Taylor Brooke McCoy

Writer, Reader, and Person With Opinions

Those Who Can’t, Teach?

Those who can’t…carry the weight of an educated,

empathic society completely on their shoulders. (?)

I’ve always found the phrase in the title particularly funny. Just thinking about if it were true gives me the giggles.

Imagine you’re in your freshman year of high school, learning how to frame an argumentative essay. Your teacher stands up proudly at the front of the room, a pointer with an apple bobbin at the end stuck to the whiteboard that’s littered with spelling errors…

“Today, we’re going to learn how to write an essay that states an argument. As an example, I’ve written an essay on my belief that hedgehogs should be given raw beef diets to create a greater generation of hedgehogs. Notice that the font I used is ThesalonicaBOLD, as it helps me portray my mood.”

It’s especially “funny” to me because of the fact that I’ve (nearly) never been in the charge of an incompetent teacher.
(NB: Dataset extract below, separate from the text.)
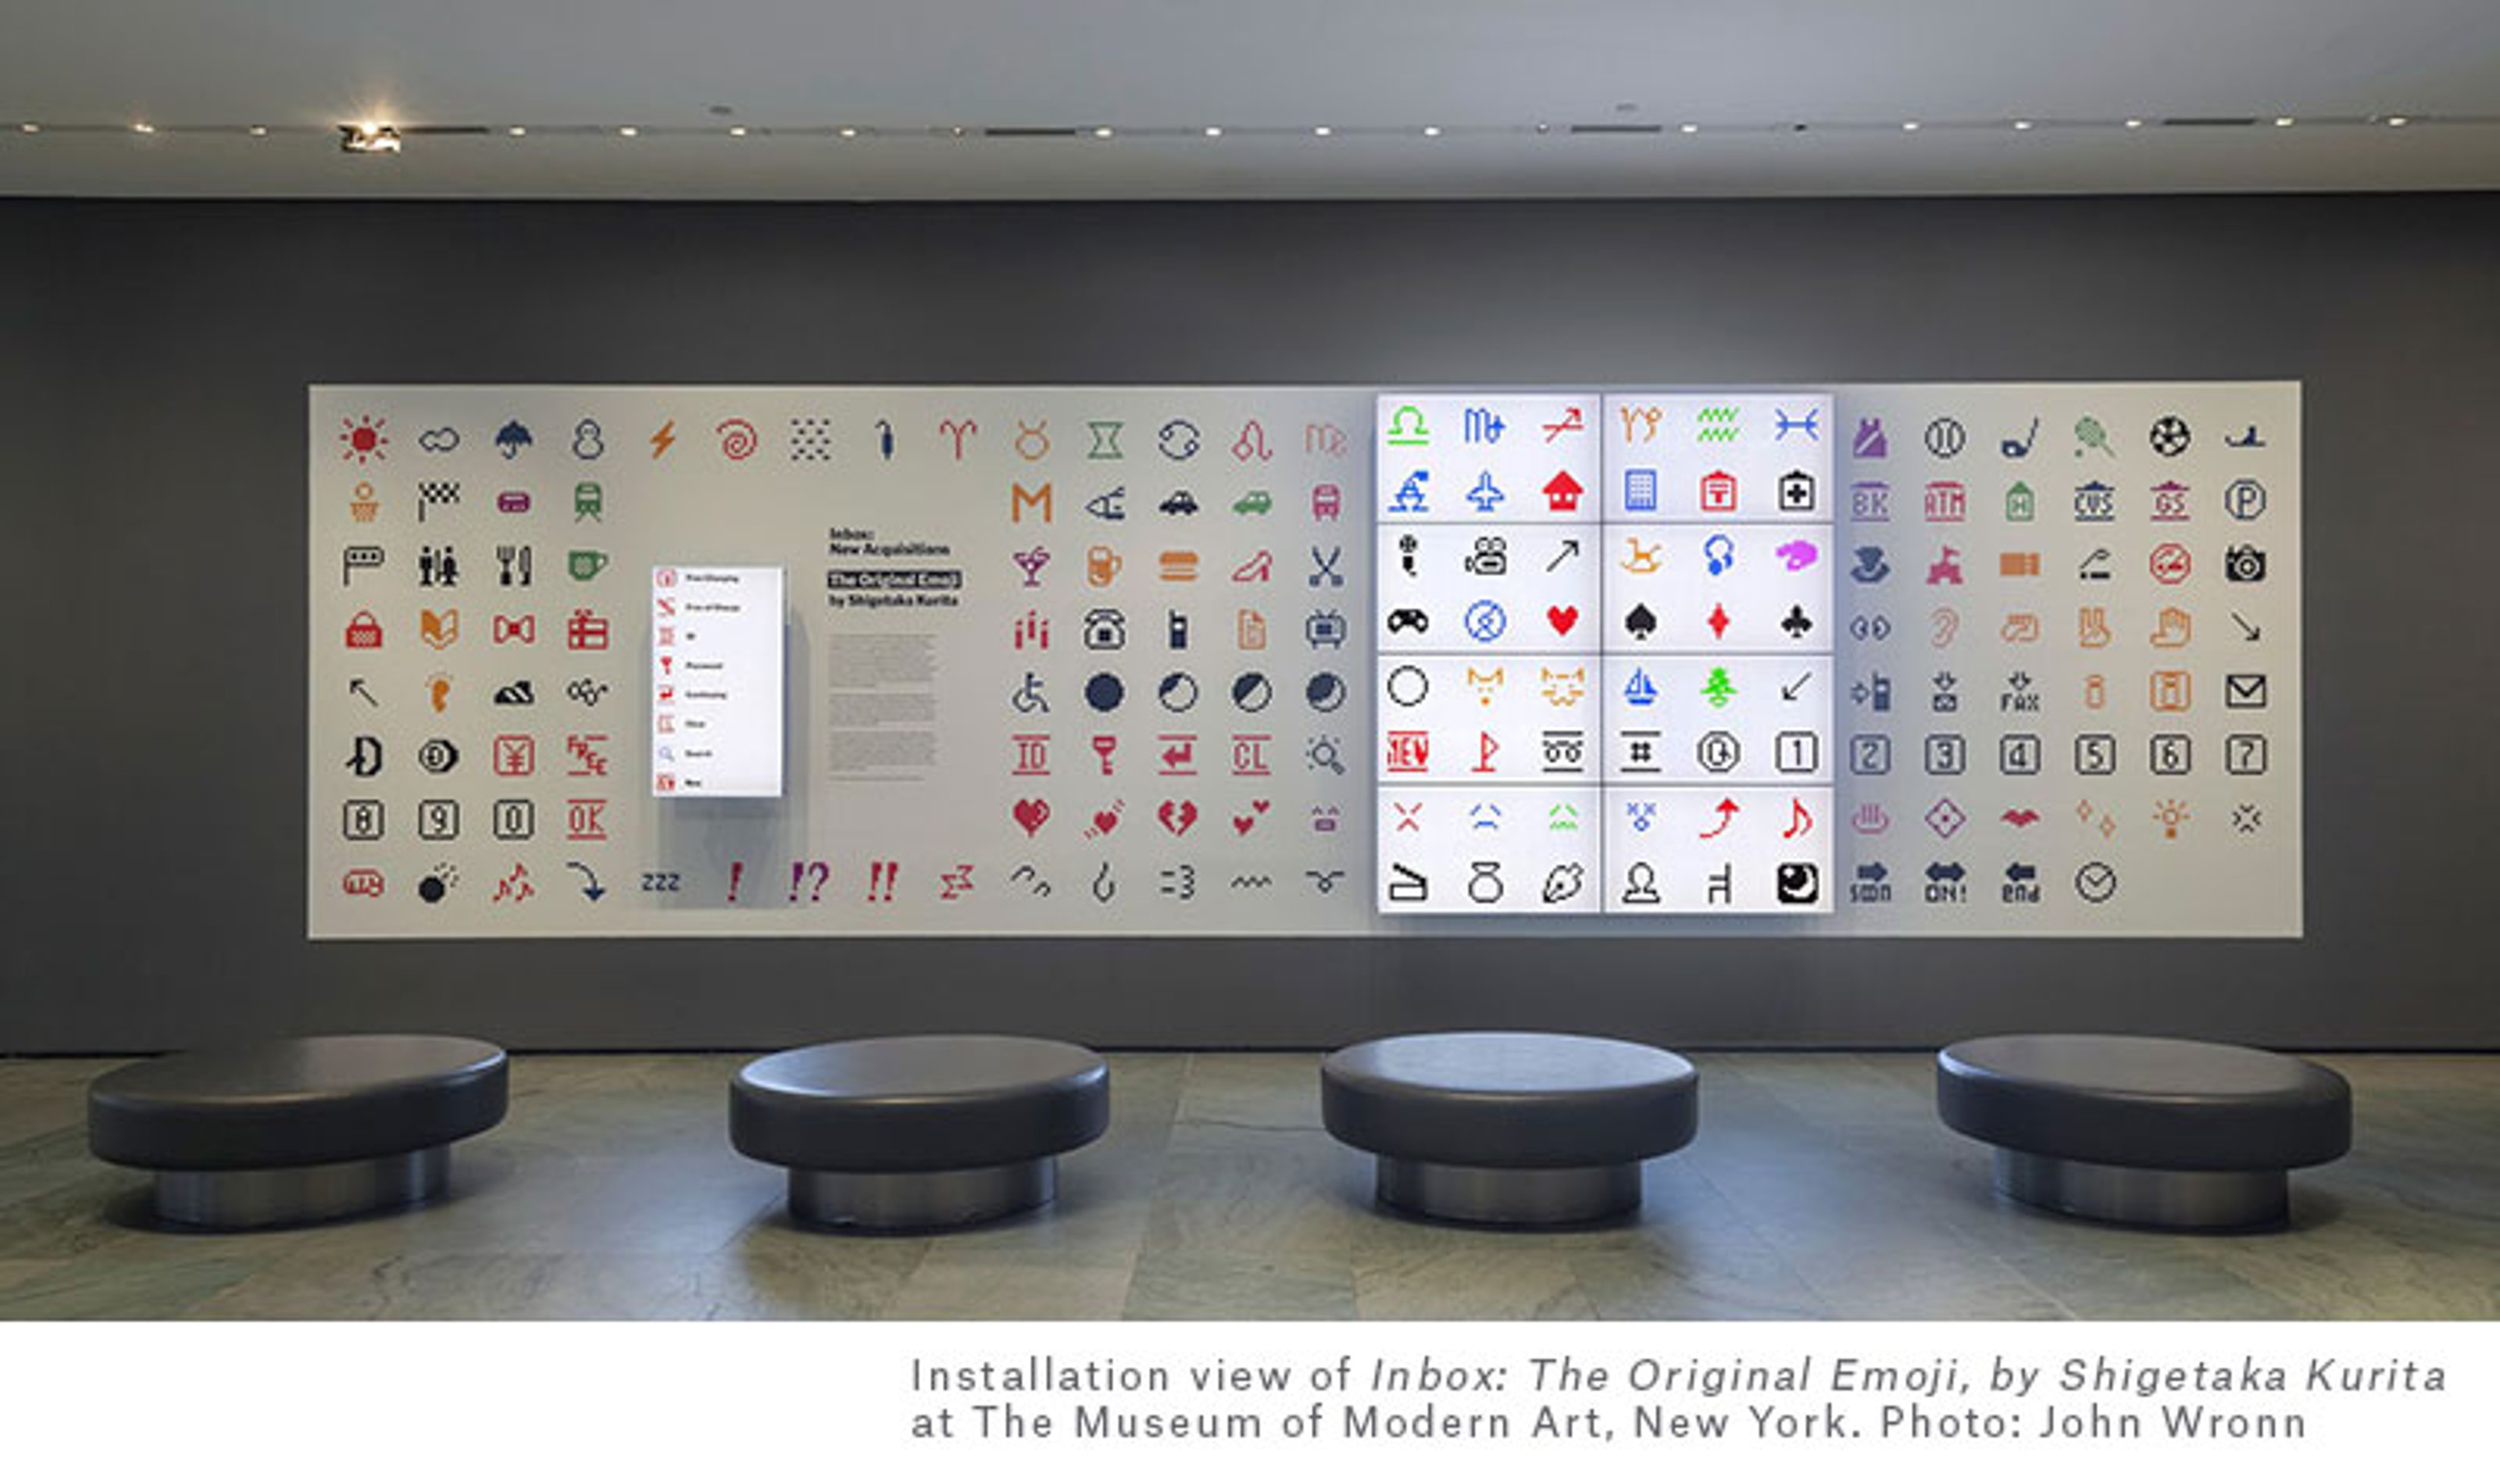 Installation view of Inbox: The Original Emoji, by Shigetaka Kurita at The Museum of Modern Art, New York
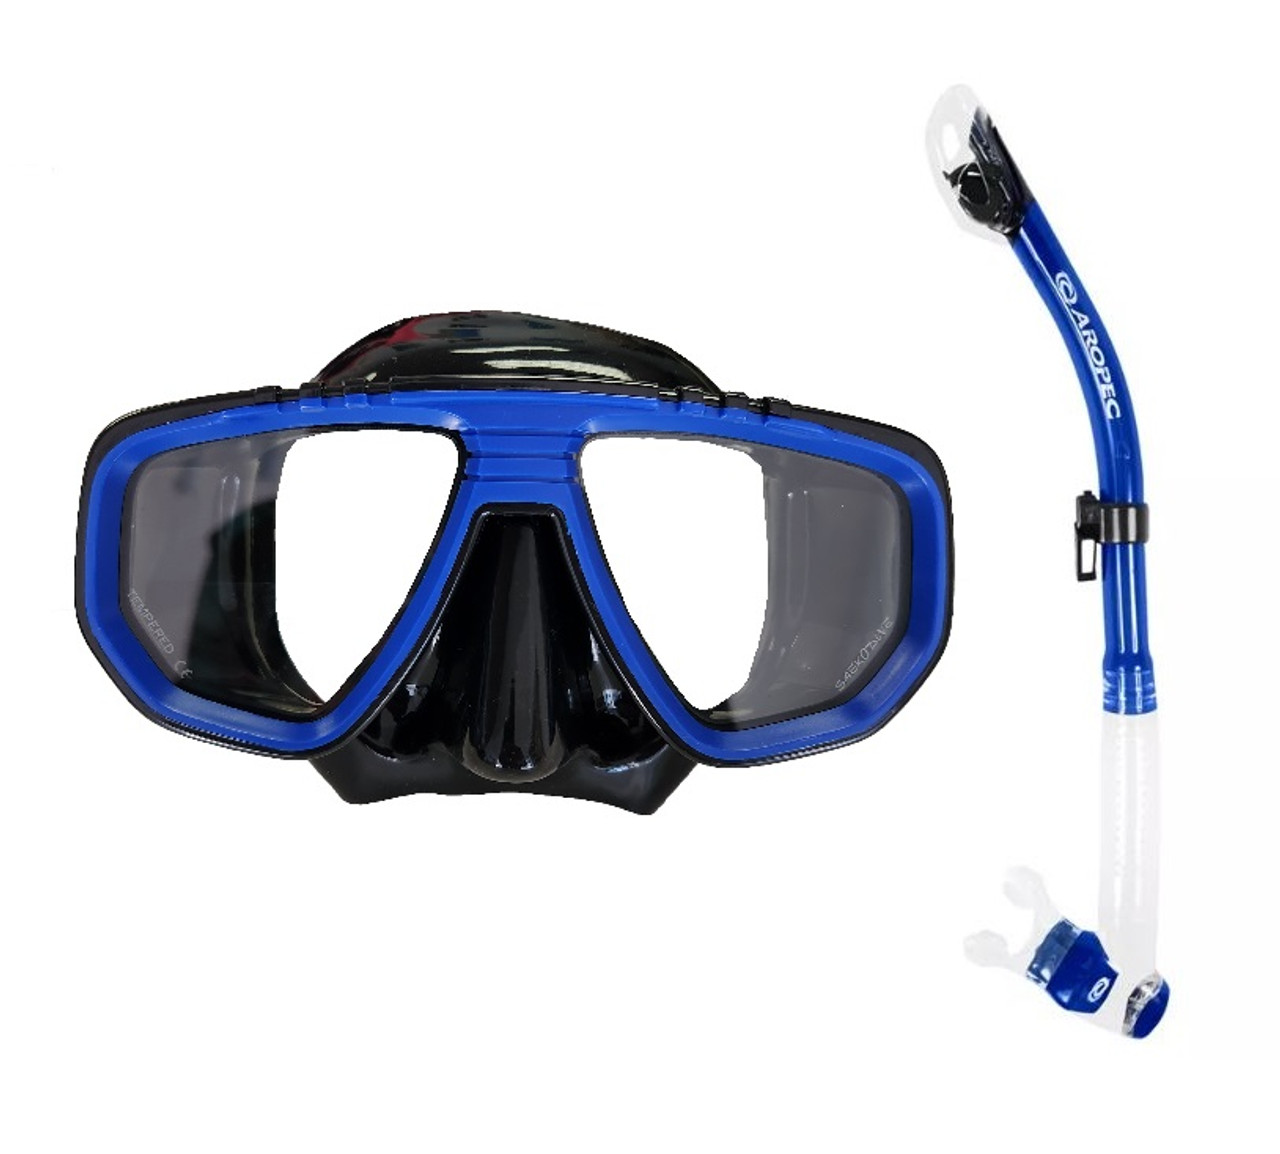 Saekodive Moray Mask & Energy Dry Snorkel Set (with Pre-Made Optical Lenses)

I’ve always been so aware of the impact particular teachers have had on my early life that I’ve hoped to be able to pass on the karma of mentoring a new generation. Of course, the American education system is suffering, but in no way do I believe that’s because under-qualified, talentless people decide to teach.

Because I’ve been teaching (usually still in small, controlled settings), I’ve been thinking of a lot of the things many people don’t know about education who never stepped foot back into an elementary, middle, or high school after they graduated. One of these things is that teachers genuinely love you, mourn for you, think about your future, and try to navigate around your handicaps and shortcomings to give you a better shot at a good future. Teachers at the stage I’m involved, early elementary, are often the greatest parental figure the kids have. The guidance they receive in how to behave, how to treat others, how to listen and exchange ideas, these nearly all come from teachers because the parents haven’t properly taught it or don’t have the ability to.

Teachers are teachers, but teachers are also parents.

Teachers have the painful task of being good and bad cops to the students they love. Often, they’ll have moments with kids who connect with them in which the kid passes on information about their home life, their pain, or their worries. It’s hard to take this information and transform it in a way that helps you better teach that child, and then still stand up to them when they’ve done wrong, punishing them if necessary, and guiding them on to a better path even if you think it might change their opinion of you.

Though I’ve no desire to be a parent, I can imagine it would feel similar with my own child. I love you, so I listen to you when you need it, but I don’t allow you to jeopardize your future, nor behave in an unfitting way because of it.

Teachers are humans with talents and aspirations. In college, I had a brilliant teacher who often looked at my poetry. His publications were just a part of the trade. He proved his worth, his ability to teach by continuing to pursue his passions. He is not one who taught because he couldn’t. He’s one who taught because he could.

I shudder to imagine what would have become of me if I had been taught by people who ended up as teachers because they couldn’t do what they were teaching. I shudder to imagine what my essays and creative writing might look like if the teacher closest to me (my mom) taught because she couldn’t actually do what she taught.

Take a moment and think of the teachers who’ve lost sleep over you, however long ago that may have been. Teachers who can’t…don’t get teaching jobs. And those who can, do.